Boston Children’s Hospital has released a press statement revealing a laptop issued to one of its staff member has been lost at a conference in Buenos Aires; possibly exposing the protected health records of 2,159 of its patients.
The laptop had basic security measures installed and access was secured via a password; however the data stored on the laptop was not encrypted. In accordance with federal law, all patients concerned have been advised with a breach notification by mail advising them of the security breach and detailing the information that could possibly have fallen into the hands of others. They have also been given guidance on how they can protect their identities and mitigate any damage caused. The breach notification letters were issued on May 22, 2012.
In the letter patients were told that their data was stored in a spreadsheet attached to an email and that the account was password protected. The information stored in the file included names, medical record numbers, diagnosis codes, procedures performed and dates of past surgery. Dates of birth were included, although no financial details such as credit card numbers or Social Security numbers had been disclosed in the loss.
No electronic health records or protected information was contained on the laptop’s hard drive, although the attachment was possibly accessible through the email program at the time the theft happened. It is therefore possible that the thief or the person in possession of the laptop could have seen, stored or copied the data. The investigation carried out by the hospital could not confirm whether this was the case, or if the attachment was in fact even accessible at the time of the theft.
Boston Children’s Hospital Senior Vice President for Information Services and its Chief Information Officer stated: “We take great measures to ensure that Protected Health Information is never inadvertently released, and we are undertaking additional steps to prevent breaches such as this in the future.

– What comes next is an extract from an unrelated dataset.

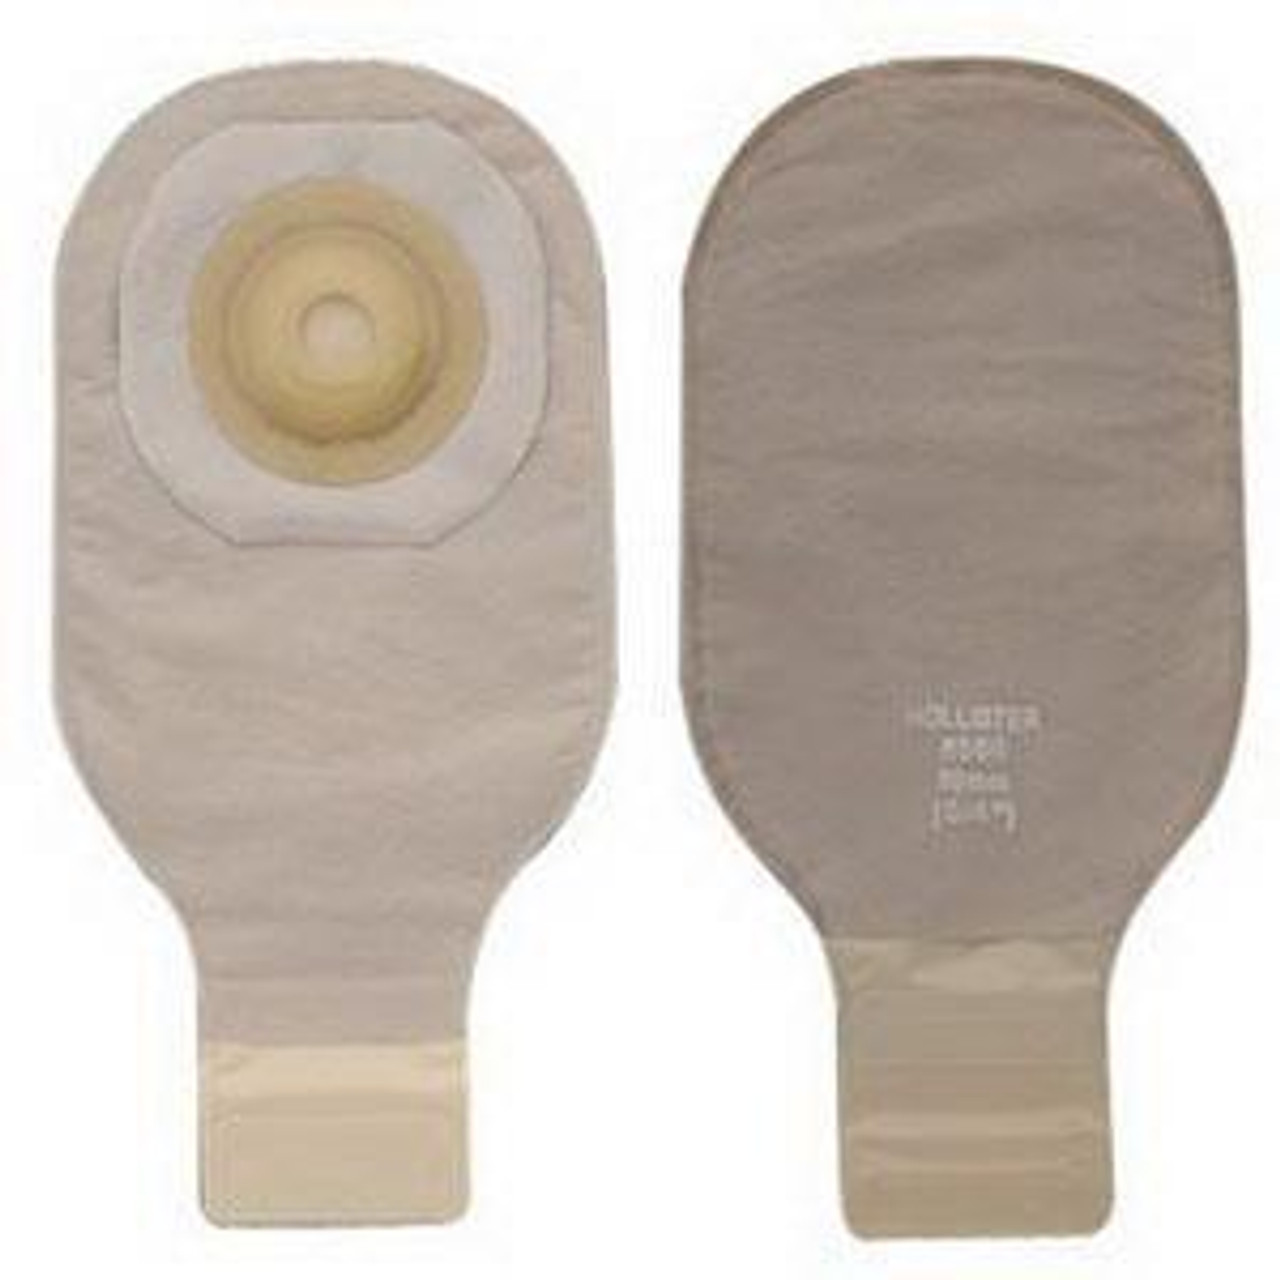 CONVEX Drainable Pouch, Pre-sized 1", BEIGE, LOCK-N-ROLL BX/5 (HOL-8592) (Hollister 8592)

We deeply regret and apologize for any concern or inconvenience this situation may cause our patients and families.”
HIPAA violations must be made known to the media and patients need to be advised of any breach that involved their Protected Health Information potentially being exposed to allow them to take step to mitigate damage. The Office for Civil Rights of the Department of Health and Human Services must also be told of breaches involving the records of more than 500 people and it actively investigates the organizations concerned.
If the OCR review and finds the data breach was caused by failures to implement appropriate controls to safeguard ePHI, as demanded by the Health Insurance Portability and Accountability Act, it can issue substantial financial penalties for each breach.